### What is being asked
Beginning with the line where "Beneteau Sense 55" appears, repeat every remaining line of the entries exactly, the last line included.

Stored items from a collection:
------

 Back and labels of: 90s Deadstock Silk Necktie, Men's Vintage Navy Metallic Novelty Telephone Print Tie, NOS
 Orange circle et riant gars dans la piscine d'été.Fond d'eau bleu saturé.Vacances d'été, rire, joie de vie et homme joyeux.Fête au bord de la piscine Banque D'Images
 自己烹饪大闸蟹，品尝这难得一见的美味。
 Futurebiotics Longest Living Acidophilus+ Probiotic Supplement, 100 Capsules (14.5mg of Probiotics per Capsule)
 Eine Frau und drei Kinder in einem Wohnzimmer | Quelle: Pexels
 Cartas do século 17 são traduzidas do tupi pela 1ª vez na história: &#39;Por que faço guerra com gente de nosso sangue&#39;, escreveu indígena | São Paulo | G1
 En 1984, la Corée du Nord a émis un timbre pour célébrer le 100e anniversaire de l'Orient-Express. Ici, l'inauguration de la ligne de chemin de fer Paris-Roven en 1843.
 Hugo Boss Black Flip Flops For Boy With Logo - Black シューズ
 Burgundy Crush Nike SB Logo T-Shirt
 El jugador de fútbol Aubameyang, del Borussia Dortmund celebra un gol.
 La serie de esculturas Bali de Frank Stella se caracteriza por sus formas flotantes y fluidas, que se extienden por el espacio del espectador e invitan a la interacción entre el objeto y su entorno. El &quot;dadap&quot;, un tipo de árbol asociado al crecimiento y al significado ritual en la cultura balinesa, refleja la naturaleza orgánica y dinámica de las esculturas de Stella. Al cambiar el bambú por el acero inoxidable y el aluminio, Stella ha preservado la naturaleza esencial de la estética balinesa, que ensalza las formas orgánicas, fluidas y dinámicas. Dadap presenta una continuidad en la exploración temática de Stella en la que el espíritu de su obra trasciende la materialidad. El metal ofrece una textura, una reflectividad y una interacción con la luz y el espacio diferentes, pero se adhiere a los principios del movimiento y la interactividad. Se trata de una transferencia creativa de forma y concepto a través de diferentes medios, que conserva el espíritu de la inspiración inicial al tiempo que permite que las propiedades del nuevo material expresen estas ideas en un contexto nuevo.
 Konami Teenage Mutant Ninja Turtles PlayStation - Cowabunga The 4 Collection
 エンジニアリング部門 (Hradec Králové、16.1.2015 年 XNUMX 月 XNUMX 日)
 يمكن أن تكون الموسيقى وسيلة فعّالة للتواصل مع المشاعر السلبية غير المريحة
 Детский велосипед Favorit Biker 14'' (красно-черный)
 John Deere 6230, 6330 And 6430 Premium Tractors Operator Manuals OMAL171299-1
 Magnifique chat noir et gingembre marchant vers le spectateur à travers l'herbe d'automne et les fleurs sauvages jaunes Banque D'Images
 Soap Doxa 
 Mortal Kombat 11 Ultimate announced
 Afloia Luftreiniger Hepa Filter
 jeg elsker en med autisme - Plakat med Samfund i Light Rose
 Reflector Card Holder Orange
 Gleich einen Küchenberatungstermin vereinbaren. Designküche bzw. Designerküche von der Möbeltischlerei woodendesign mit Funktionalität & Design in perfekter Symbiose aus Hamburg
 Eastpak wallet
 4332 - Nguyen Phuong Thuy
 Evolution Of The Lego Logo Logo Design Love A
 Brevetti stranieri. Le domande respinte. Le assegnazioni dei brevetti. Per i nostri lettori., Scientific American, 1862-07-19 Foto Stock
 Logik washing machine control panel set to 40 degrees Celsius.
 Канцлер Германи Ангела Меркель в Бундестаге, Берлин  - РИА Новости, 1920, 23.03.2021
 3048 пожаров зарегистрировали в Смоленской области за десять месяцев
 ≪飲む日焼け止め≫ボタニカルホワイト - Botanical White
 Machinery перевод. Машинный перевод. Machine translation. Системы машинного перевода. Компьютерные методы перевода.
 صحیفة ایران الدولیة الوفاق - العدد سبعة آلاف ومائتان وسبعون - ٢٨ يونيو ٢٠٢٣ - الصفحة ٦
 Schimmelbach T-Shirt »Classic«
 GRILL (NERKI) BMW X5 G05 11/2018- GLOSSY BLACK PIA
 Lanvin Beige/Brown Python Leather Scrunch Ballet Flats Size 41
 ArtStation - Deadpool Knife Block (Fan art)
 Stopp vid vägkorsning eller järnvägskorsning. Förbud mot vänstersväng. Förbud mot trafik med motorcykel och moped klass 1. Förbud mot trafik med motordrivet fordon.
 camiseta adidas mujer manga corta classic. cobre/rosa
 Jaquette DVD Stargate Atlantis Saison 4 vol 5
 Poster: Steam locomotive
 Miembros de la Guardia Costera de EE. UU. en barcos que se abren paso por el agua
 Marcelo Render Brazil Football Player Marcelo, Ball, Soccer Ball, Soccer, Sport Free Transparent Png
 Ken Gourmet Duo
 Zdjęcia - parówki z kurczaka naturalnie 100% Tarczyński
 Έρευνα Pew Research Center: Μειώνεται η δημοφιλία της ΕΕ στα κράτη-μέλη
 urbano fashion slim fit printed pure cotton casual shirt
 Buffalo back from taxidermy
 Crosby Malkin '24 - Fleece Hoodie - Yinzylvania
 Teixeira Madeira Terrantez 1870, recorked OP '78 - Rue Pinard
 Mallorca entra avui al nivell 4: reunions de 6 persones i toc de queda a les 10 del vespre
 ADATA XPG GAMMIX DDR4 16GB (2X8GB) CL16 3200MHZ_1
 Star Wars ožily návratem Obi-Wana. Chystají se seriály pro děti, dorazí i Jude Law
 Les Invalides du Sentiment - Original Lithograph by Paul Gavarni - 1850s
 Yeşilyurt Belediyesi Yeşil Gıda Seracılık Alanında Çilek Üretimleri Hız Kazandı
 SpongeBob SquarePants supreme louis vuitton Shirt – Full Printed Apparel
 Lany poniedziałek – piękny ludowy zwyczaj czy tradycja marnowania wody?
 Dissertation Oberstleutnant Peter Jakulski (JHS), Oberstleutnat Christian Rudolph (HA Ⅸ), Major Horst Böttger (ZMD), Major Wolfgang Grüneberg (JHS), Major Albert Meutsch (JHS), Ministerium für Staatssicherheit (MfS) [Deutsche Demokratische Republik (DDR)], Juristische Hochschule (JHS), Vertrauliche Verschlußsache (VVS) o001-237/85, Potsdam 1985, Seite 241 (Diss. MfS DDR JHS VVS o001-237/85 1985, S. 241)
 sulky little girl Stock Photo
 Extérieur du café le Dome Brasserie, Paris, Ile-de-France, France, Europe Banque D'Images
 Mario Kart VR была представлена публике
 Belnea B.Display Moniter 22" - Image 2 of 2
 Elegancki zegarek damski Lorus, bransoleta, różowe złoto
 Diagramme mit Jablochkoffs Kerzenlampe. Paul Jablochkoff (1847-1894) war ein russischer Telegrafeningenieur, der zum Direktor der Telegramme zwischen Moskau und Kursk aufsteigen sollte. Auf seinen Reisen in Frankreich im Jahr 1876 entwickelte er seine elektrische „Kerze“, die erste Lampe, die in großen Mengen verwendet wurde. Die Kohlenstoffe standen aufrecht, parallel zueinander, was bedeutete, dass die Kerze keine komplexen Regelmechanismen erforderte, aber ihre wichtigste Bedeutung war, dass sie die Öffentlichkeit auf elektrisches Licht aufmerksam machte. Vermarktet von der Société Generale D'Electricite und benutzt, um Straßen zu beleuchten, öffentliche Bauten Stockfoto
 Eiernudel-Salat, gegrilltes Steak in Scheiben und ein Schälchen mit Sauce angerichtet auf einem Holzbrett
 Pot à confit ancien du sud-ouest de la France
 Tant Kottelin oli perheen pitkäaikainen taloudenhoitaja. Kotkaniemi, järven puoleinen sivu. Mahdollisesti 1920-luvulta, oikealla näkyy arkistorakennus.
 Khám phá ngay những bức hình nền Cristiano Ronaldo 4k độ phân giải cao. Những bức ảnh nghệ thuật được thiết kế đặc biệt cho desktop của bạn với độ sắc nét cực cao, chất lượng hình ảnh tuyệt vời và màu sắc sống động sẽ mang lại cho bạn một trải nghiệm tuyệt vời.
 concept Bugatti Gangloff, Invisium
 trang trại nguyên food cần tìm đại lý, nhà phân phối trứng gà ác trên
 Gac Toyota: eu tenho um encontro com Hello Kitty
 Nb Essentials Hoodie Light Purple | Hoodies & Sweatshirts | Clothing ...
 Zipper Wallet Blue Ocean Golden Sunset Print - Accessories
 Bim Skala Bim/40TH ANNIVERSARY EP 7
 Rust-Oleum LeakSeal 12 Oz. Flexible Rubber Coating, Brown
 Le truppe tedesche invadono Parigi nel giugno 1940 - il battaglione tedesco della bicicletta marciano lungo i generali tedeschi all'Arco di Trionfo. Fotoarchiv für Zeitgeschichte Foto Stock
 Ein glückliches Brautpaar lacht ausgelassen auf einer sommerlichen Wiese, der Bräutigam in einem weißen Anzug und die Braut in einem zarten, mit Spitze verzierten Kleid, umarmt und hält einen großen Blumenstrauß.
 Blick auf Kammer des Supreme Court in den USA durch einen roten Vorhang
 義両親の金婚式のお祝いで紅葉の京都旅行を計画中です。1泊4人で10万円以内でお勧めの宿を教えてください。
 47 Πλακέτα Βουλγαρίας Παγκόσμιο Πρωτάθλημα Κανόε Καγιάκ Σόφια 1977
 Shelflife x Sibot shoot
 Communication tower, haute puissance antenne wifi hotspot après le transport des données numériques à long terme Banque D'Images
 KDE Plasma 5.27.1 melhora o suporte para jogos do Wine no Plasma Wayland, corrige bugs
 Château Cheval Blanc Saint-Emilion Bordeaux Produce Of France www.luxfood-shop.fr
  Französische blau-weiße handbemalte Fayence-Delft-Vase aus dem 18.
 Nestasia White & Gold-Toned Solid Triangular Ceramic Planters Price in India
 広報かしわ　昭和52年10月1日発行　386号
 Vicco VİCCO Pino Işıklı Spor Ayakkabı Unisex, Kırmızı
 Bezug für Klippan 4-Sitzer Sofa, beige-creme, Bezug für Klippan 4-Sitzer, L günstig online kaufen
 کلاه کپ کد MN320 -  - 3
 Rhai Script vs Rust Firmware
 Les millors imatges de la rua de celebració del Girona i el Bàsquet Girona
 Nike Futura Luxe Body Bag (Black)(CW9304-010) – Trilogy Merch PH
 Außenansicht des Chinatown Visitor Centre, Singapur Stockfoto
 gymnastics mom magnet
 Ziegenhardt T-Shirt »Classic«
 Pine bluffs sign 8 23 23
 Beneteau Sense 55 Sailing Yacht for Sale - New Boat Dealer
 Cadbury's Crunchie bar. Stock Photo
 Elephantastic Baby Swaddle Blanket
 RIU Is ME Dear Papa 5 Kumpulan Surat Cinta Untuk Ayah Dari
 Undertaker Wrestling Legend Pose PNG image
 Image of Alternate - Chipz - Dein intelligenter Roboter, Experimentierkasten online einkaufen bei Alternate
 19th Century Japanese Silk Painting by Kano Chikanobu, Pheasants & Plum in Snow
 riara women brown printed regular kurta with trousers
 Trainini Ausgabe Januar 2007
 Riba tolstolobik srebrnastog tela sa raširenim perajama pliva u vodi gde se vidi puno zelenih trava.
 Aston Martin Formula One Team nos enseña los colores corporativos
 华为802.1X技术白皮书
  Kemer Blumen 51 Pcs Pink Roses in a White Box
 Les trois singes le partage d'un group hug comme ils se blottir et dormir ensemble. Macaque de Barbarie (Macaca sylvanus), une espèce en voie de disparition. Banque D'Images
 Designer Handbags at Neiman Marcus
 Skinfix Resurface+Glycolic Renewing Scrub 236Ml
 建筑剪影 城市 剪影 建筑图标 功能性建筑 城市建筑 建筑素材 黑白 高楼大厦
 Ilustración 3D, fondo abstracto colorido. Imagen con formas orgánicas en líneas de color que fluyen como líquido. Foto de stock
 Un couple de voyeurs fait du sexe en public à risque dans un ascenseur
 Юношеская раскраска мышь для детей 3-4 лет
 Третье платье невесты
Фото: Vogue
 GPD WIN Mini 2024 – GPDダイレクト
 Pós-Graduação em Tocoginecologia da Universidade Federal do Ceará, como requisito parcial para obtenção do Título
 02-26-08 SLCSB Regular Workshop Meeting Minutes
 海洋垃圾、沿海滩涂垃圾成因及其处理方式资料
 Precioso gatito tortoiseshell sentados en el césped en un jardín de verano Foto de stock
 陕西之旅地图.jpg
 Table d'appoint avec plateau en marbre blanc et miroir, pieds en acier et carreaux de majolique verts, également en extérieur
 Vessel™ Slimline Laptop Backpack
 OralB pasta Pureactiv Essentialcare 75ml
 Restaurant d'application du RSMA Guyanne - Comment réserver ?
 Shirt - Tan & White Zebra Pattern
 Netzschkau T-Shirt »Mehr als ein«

------

### Answer to the problem
 Beneteau Sense 55 Sailing Yacht for Sale - New Boat Dealer
 Cadbury's Crunchie bar. Stock Photo
 Elephantastic Baby Swaddle Blanket
 RIU Is ME Dear Papa 5 Kumpulan Surat Cinta Untuk Ayah Dari
 Undertaker Wrestling Legend Pose PNG image
 Image of Alternate - Chipz - Dein intelligenter Roboter, Experimentierkasten online einkaufen bei Alternate
 19th Century Japanese Silk Painting by Kano Chikanobu, Pheasants & Plum in Snow
 riara women brown printed regular kurta with trousers
 Trainini Ausgabe Januar 2007
 Riba tolstolobik srebrnastog tela sa raširenim perajama pliva u vodi gde se vidi puno zelenih trava.
 Aston Martin Formula One Team nos enseña los colores corporativos
 华为802.1X技术白皮书
  Kemer Blumen 51 Pcs Pink Roses in a White Box
 Les trois singes le partage d'un group hug comme ils se blottir et dormir ensemble. Macaque de Barbarie (Macaca sylvanus), une espèce en voie de disparition. Banque D'Images
 Designer Handbags at Neiman Marcus
 Skinfix Resurface+Glycolic Renewing Scrub 236Ml
 建筑剪影 城市 剪影 建筑图标 功能性建筑 城市建筑 建筑素材 黑白 高楼大厦
 Ilustración 3D, fondo abstracto colorido. Imagen con formas orgánicas en líneas de color que fluyen como líquido. Foto de stock
 Un couple de voyeurs fait du sexe en public à risque dans un ascenseur
 Юношеская раскраска мышь для детей 3-4 лет
 Третье платье невесты
Фото: Vogue
 GPD WIN Mini 2024 – GPDダイレクト
 Pós-Graduação em Tocoginecologia da Universidade Federal do Ceará, como requisito parcial para obtenção do Título
 02-26-08 SLCSB Regular Workshop Meeting Minutes
 海洋垃圾、沿海滩涂垃圾成因及其处理方式资料
 Precioso gatito tortoiseshell sentados en el césped en un jardín de verano Foto de stock
 陕西之旅地图.jpg
 Table d'appoint avec plateau en marbre blanc et miroir, pieds en acier et carreaux de majolique verts, également en extérieur
 Vessel™ Slimline Laptop Backpack
 OralB pasta Pureactiv Essentialcare 75ml
 Restaurant d'application du RSMA Guyanne - Comment réserver ?
 Shirt - Tan & White Zebra Pattern
 Netzschkau T-Shirt »Mehr als ein«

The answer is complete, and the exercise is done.